INPUT DATA:

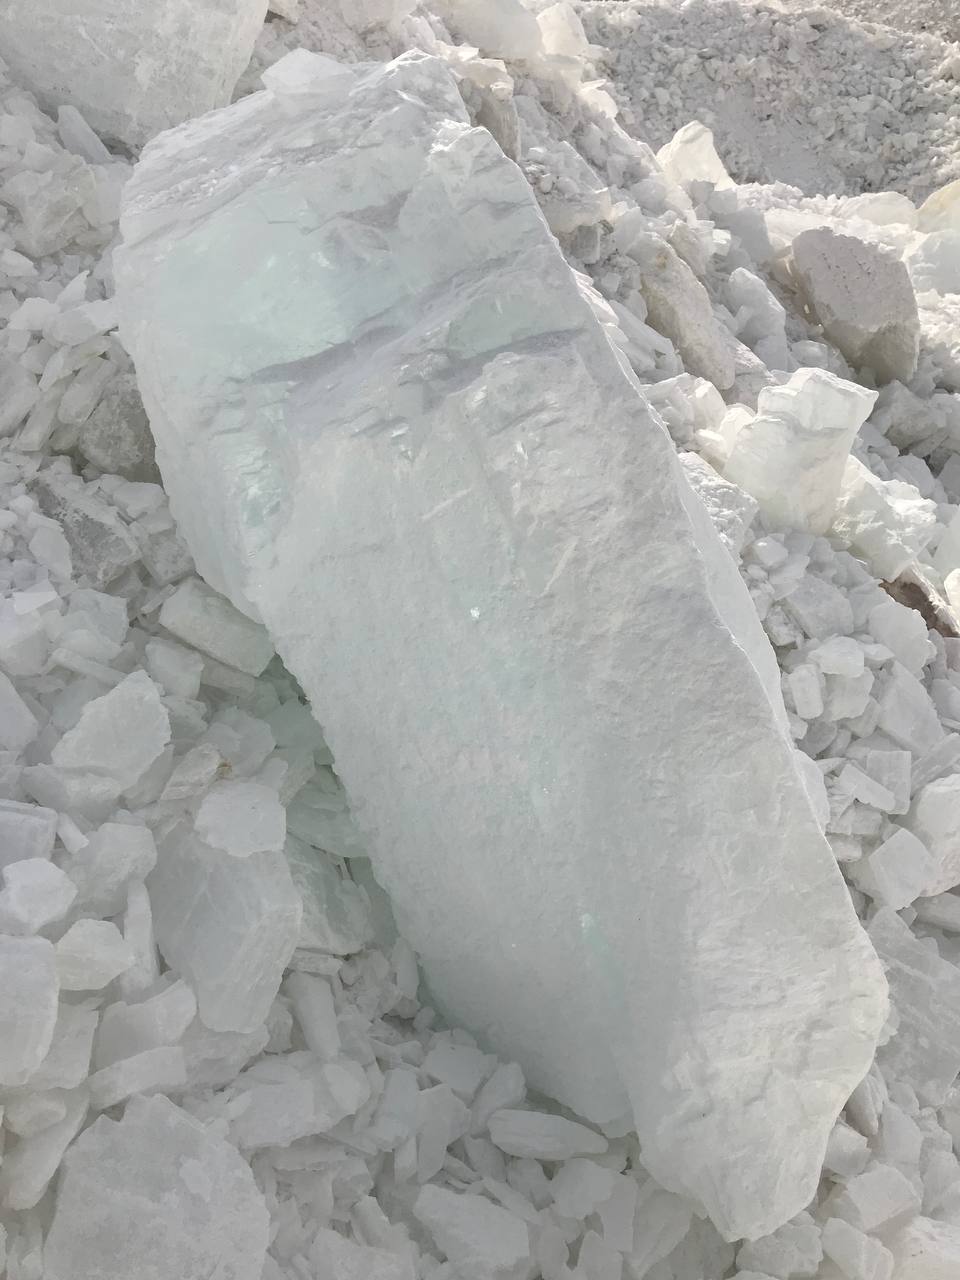 An untouched big piece of pure gypsum
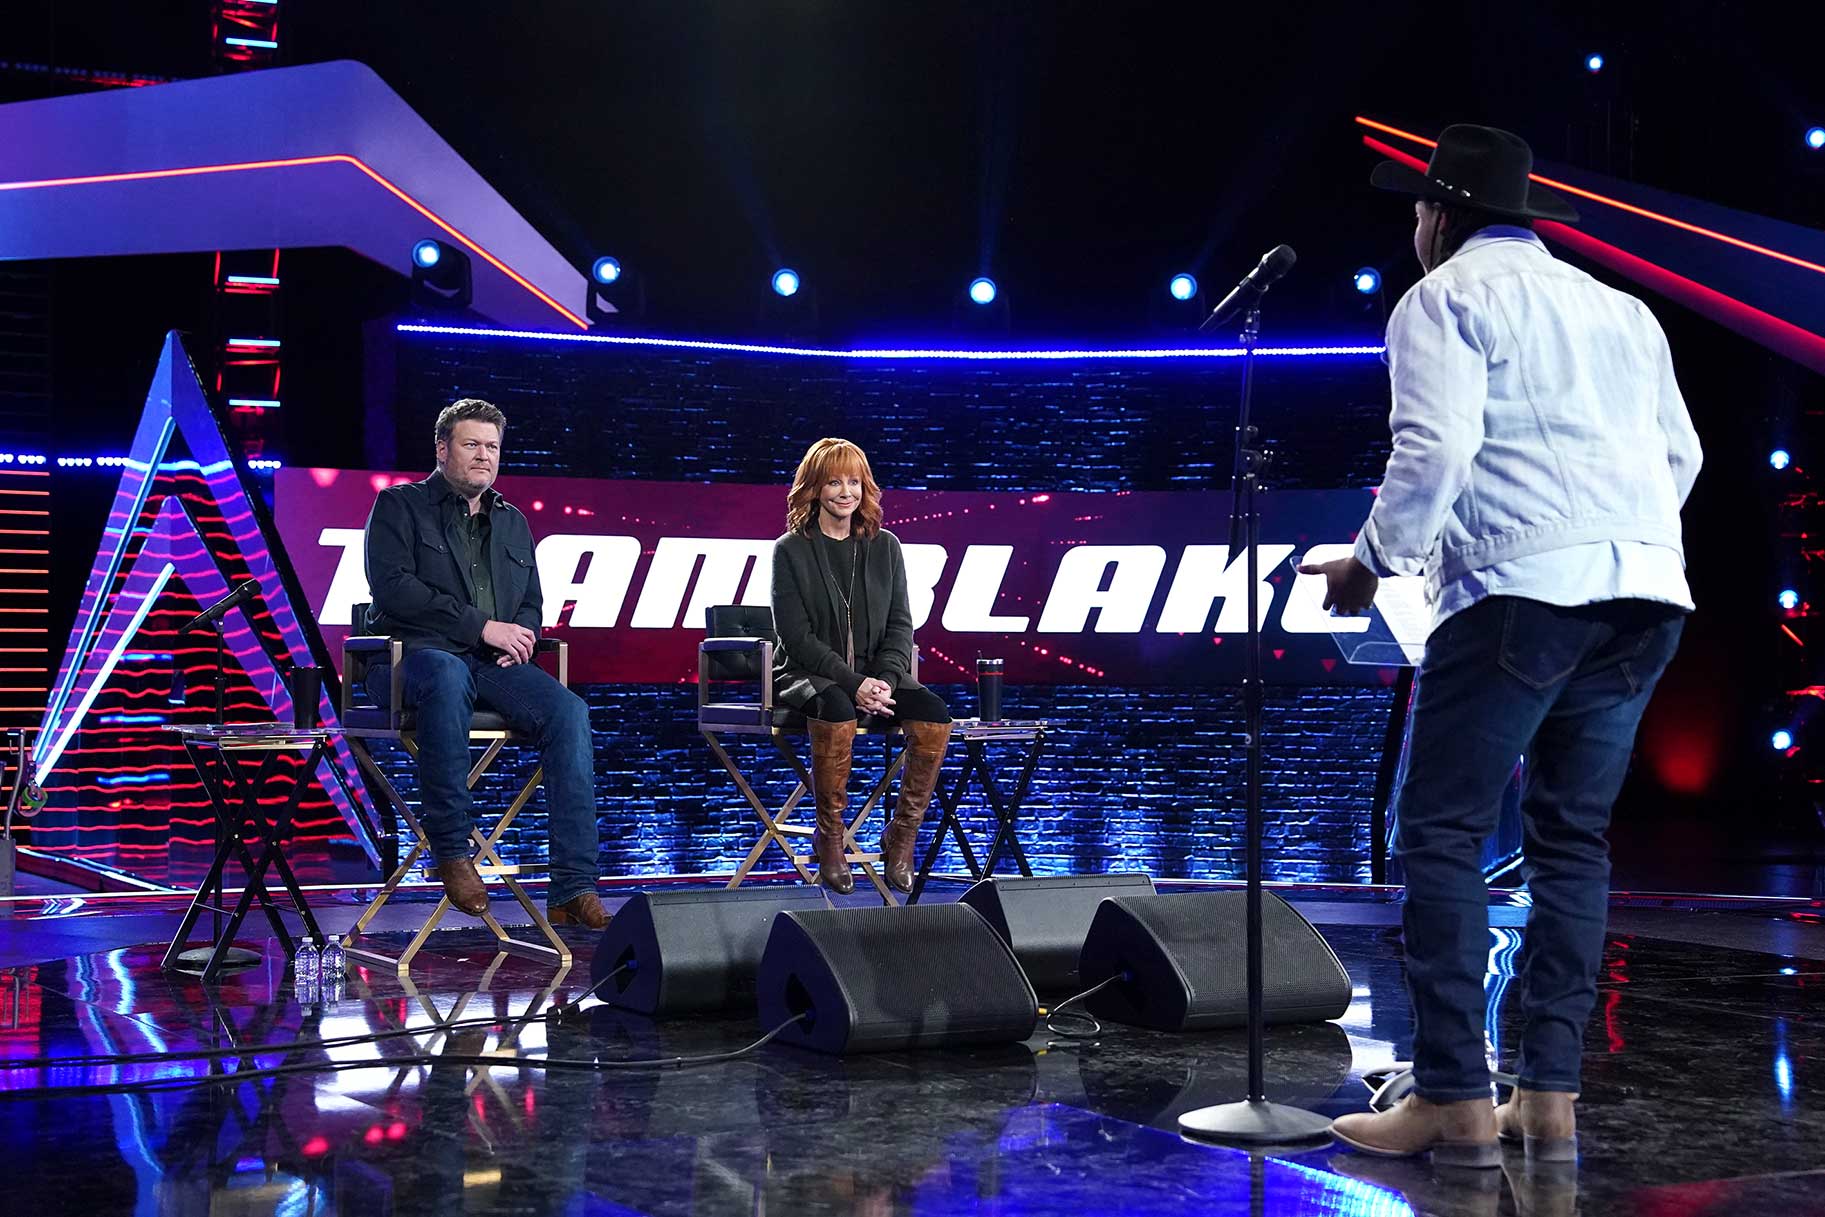 Blake Shelton, Reba McEntire and NOVIAS appear on The Voice.
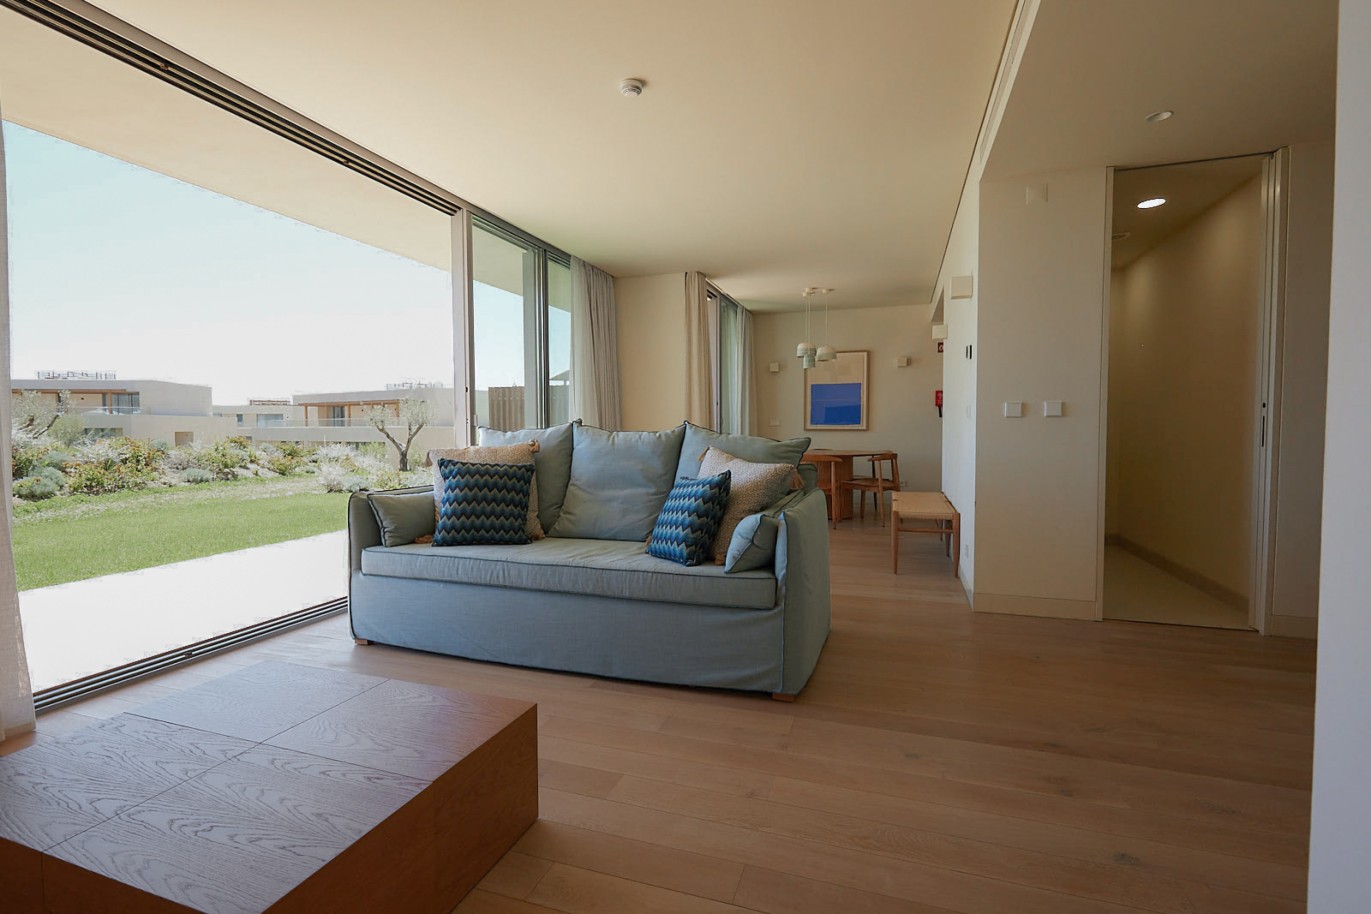 3 bedroom apartment in resort, for sale in Porches, Algarve_228599

INSTRUCTIONS TO FOLLOW:
Where the data includes pictures, leave them out and write out everything else exactly.

SOLUTION TO THE EXERCISE:
 An untouched big piece of pure gypsum
 Blake Shelton, Reba McEntire and NOVIAS appear on The Voice.
 3 bedroom apartment in resort, for sale in Porches, Algarve_228599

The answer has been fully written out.